Have you ever heard Wolfgang Amadeus Mozart’s (1756-1791) last and very popular German opera The Magic Flute performed completely in Mandarin? Can you imagine what adding jazz drums, a keyboard and hip-hop rhythms to Mozart’s opera orchestration would sound like? Thanks to the collaborative ingenuity of director Shan Cheng-chu, conductor Johnny Ku and composer Jan Tien-hao, the Taipei Philharmonic Theater will present The Magic Flute Fantasy — a hip-hop musical version of the opera — this Saturday and Sunday at the Sun Yat-sen Memorial Hall in Taipei and on June 9 at the Chungshan Hall in Greater Taichung. The most famous song in the musical is probably the elaborately florid aria “The vengeance of hell boils in my heart,” sung in Mandarin by the Queen of the Night. The aria is particularly technically demanding as it reaches a high pitch of F6, rarely heard in most operatic works.
Following on from the 2003 production of The Magic Flute Fantasy, which was performed in 12 consecutive shows and attracted about 12,000 viewers across Taiwan, the Taipei Philharmonic Theater will now present a whole new production which retains the structure of the opera’s classic segments and characters, but alters the storyline to enliven the characters with a playful spirit as they embark on a magical adventure surrounding the magic flute. The characters include the funny bird-catcher Papageno (played by Na Wei-hsun), the Queen of the Night (played by Huang Shuan-wen), the queen’s daughter Princess Pamina (played by Lin Tzu-yin), Prince Tamino (played by Chou Ming-yu), the bird-catcher’s love interest Papagena, (played by Maital Dakiludun), High Priest Sarastro (played by Tseng Chih-yuan), Sarastro’s servant Monostatos (played by Lin Yu-hsuan), and the three ladies (played by Chen Wen-hai, Chen Ying-ta, and Chang Hong-cheng).

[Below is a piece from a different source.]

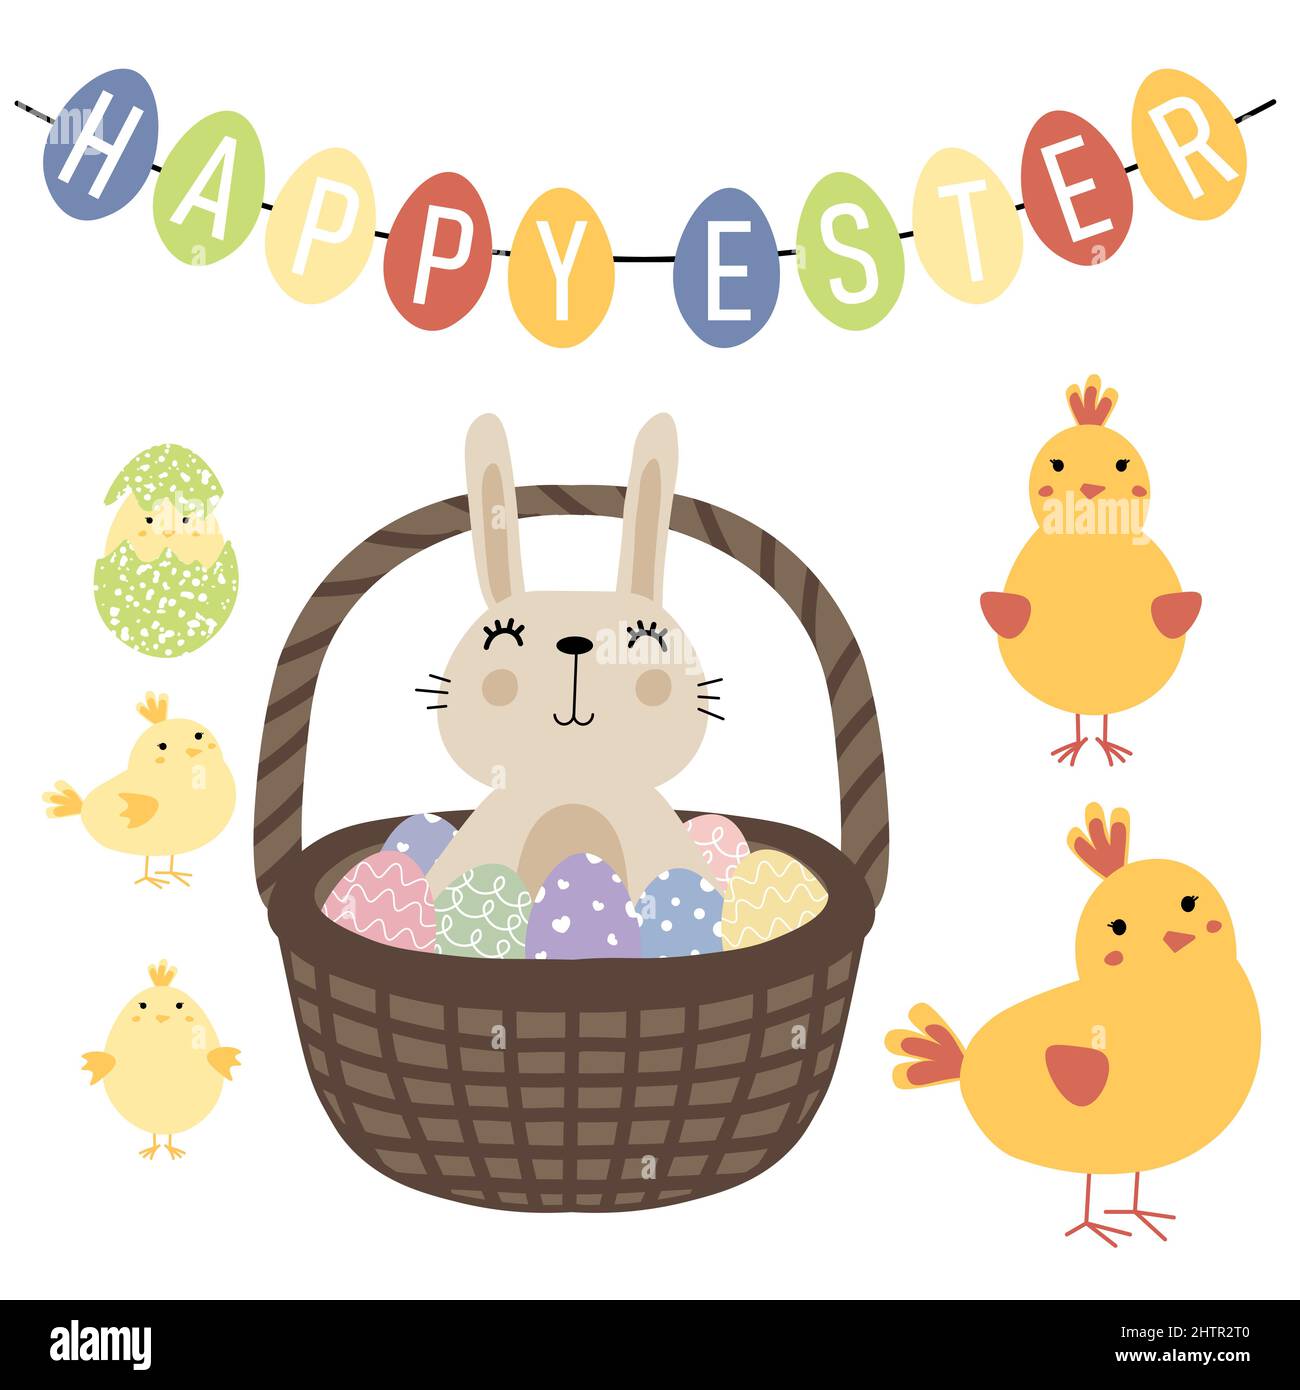 Osterset mit einem Korb mit Eiern und einem Kaninchen, einem Huhn mit kleinem Küken. Frohe Ostern Grüße Text. Design für Titel für die Website, Banner, Poster Stock Vektor

It is worth mentioning that the costumes were designed by Lin Ping-hao, adding considerable visual splendor to the musical. Coincidentally, Lin is featured in the latest issue of Performing Arts Review, telling the story of his artistic trajectory in collaborating with performing arts troupes over his decade-long career. Conductor Ku told the Taipei Times on Monday that the orchestration is reduced to an 11-person ensemble, including drums and keyboards, thus mixing different musical genres to combine the classical work with contemporary elements of popular music, R&B, and rap to supplant the imagery of classical music. Director Shan said, “The Magic Flute Fantasy is a crossover production, which will render a great experience for performing arts enthusiasts to appreciate.”